The aim of our study was to determine whether completion of the sponsored specialization was successful in improving the ability of public library staff to provide consumer health information. Our objectives were to (1) measure competence within the 12 competencies of the specialization, (2) identify new health information services, programming, and outreach activities conducted by sponsored staff, (3) investigate the benefits of the specialization to libraries and library staff, and (4) determine the impact of sponsorship on obtaining and continuing the specialization.
We developed a 16-question survey, with questions mapped to each of our objectives (Appendix A). To determine whether the sponsorship program was successful in improving the ability of public library staff to provide consumer health information, we asked participants to rate their competence in the 12 competency areas of the Level I CHIS before and after completing the program. To determine whether the sponsorship program resulted in recipients taking actions, such as offering new health or wellness services, programs, or outreach activities at their libraries, we asked about changes to programming or library services as a result of the specialization training. Finally, to assess the value of the specialization to recipients and their libraries, we asked open-ended questions about the benefits and expectations of the program. Respondents were also asked about their willingness to pay out of pocket for the renewal of their Level I specialization or application for the Level II specialization. The purpose of this question was to determine whether the sponsorship was successful in removing financial barriers to obtaining the certificate.

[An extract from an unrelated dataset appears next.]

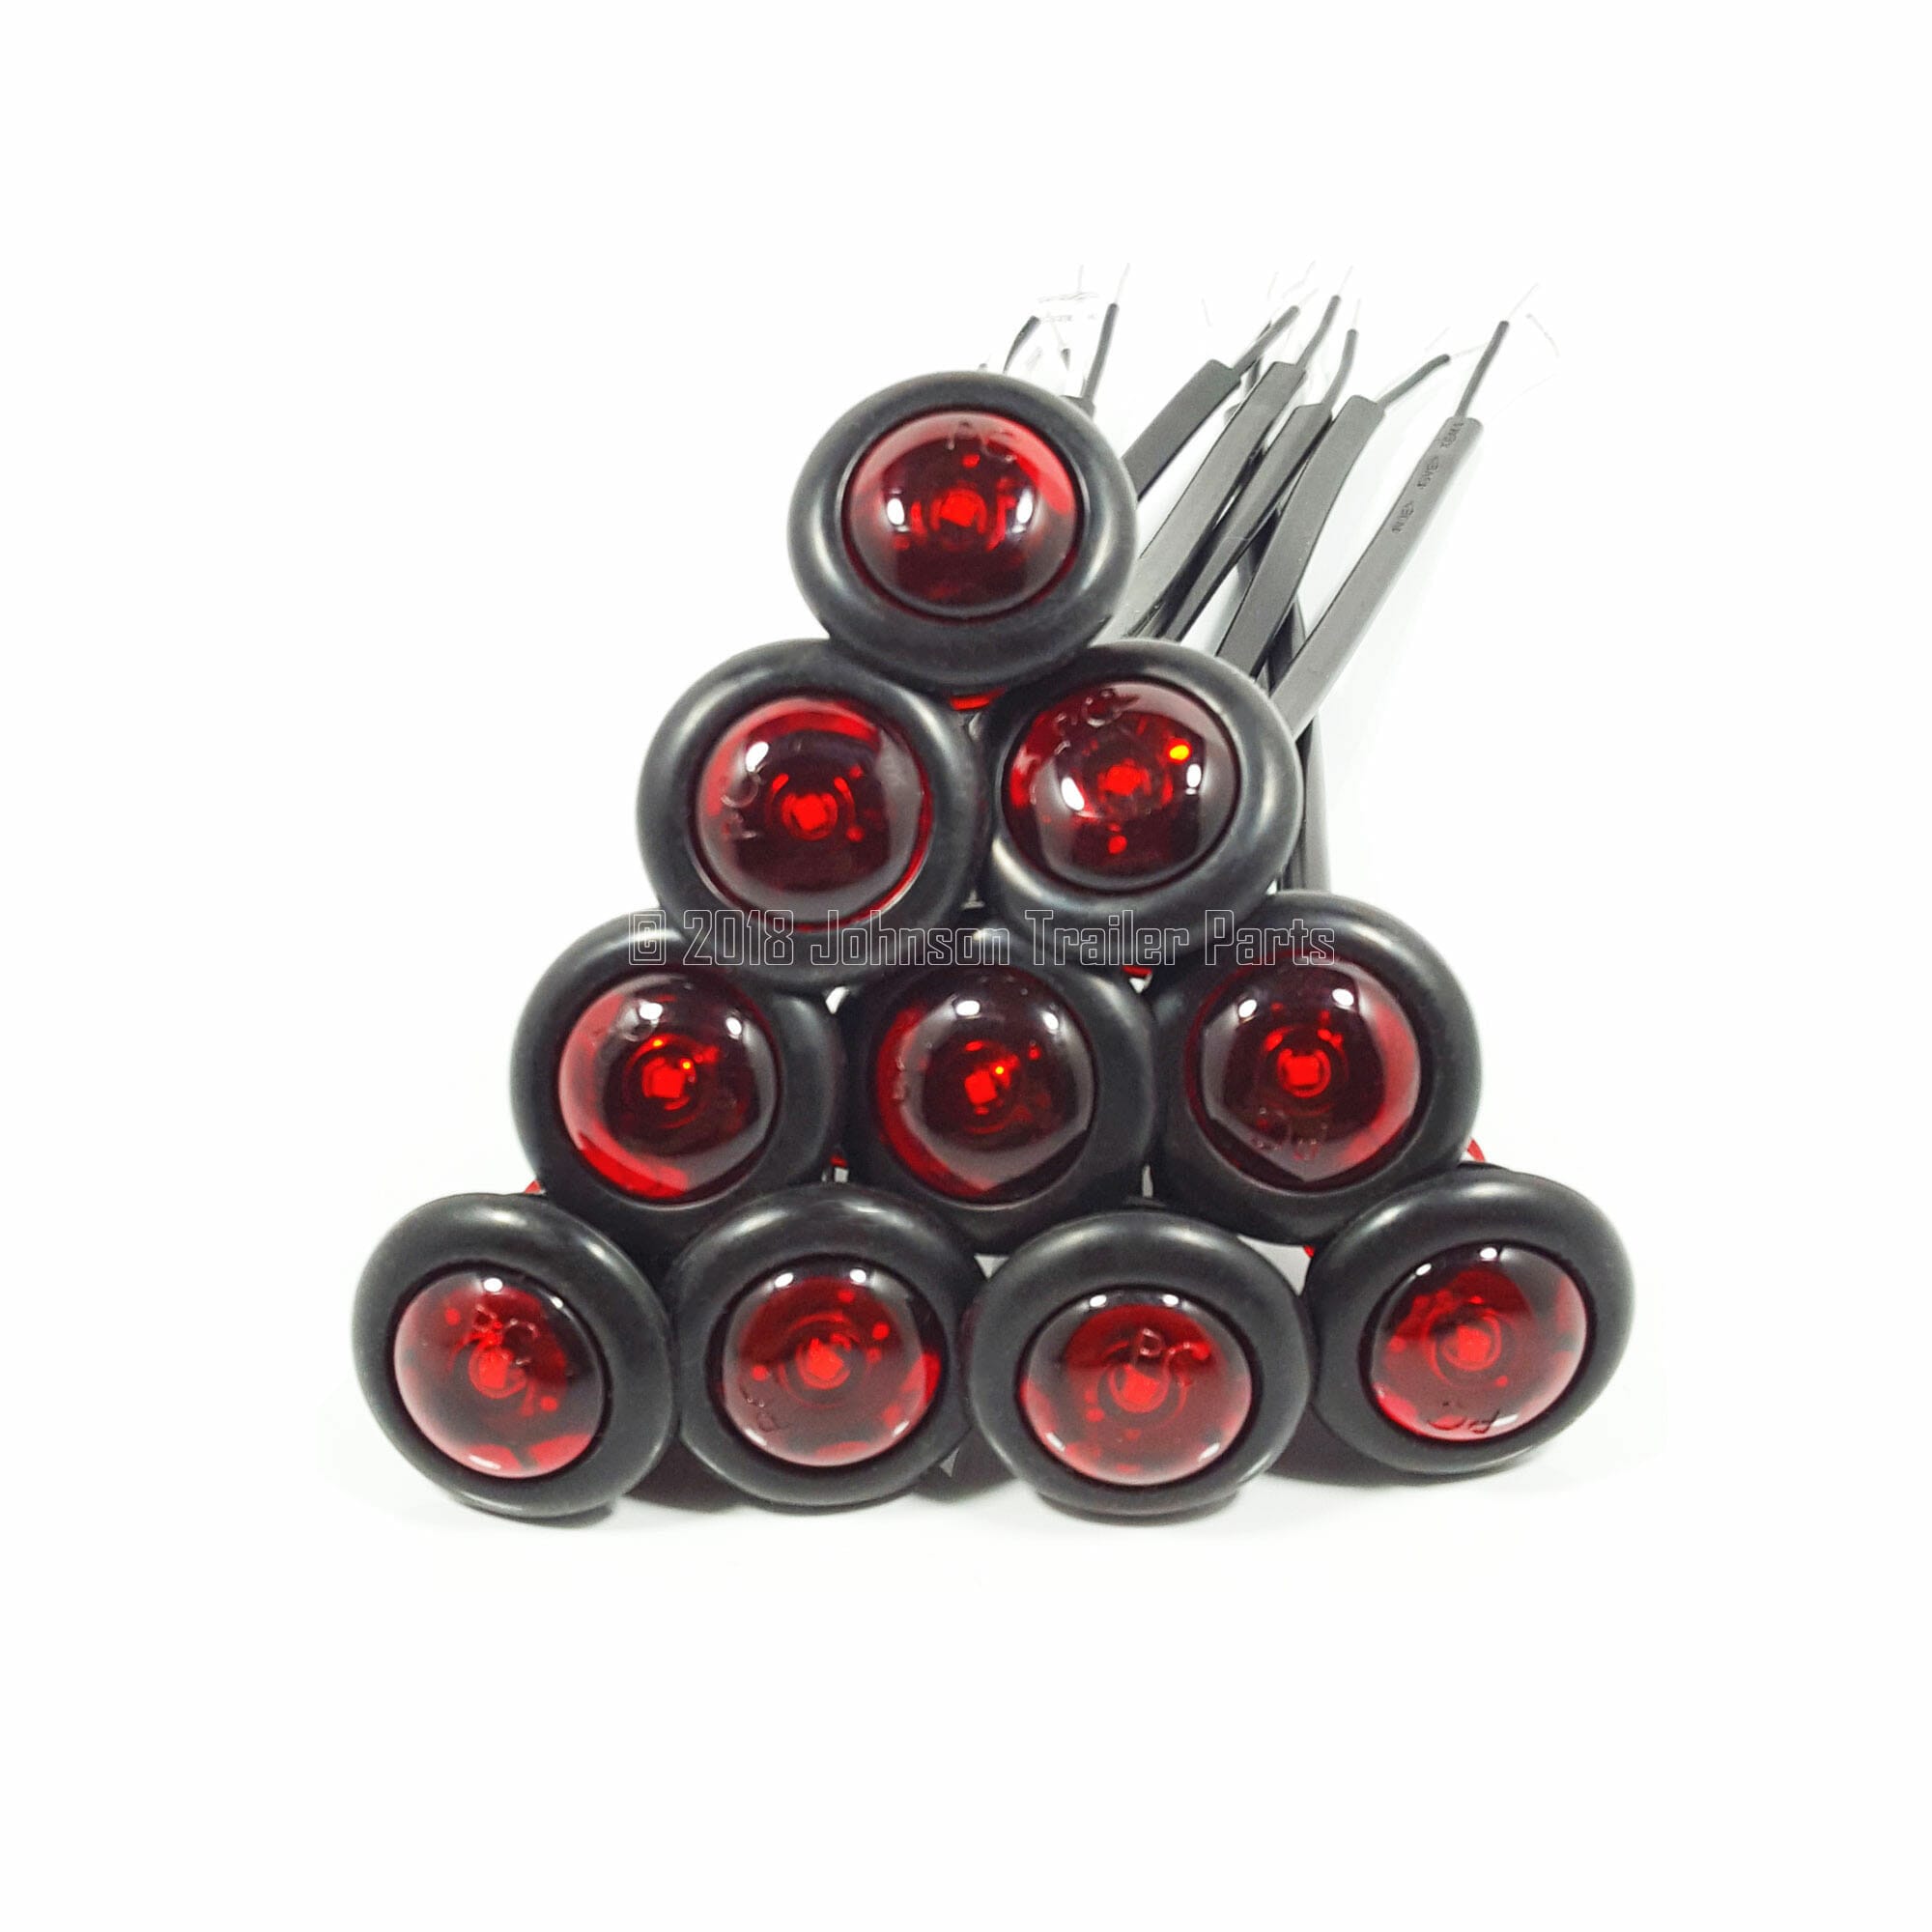 10 Pack - 3/4 Red Side Marker LED Lights (PC Rated)

We sent survey invitations to a total of 224 sponsored public library staff who completed either the Level I or Level II CHIS between April 2018 and April 2019, the first year of the sponsorship program. While sponsorship was open to all U.S. librarians and library students, those invited to participate in the survey were limited to recipients who indicated on their original sponsorship application that they were employed at public libraries at the time of receiving sponsorship. The survey was distributed in August 2019, and respondents were given three weeks to complete the survey, with a final reminder email sent to those who had not responded before the due date.
We collected and managed study data using REDCap, a secure, web-based software platform designed to support data capture for research studies hosted at the University of Washington [30, 31]. One team member analyzed qualitative data by reviewing responses to identify themes and coding each statement by theme as either 1 (theme present) or 0 (theme not present), allowing for quantification of themes. Stata statistical analysis software  was used to create variables and clean and analyze quantitative data.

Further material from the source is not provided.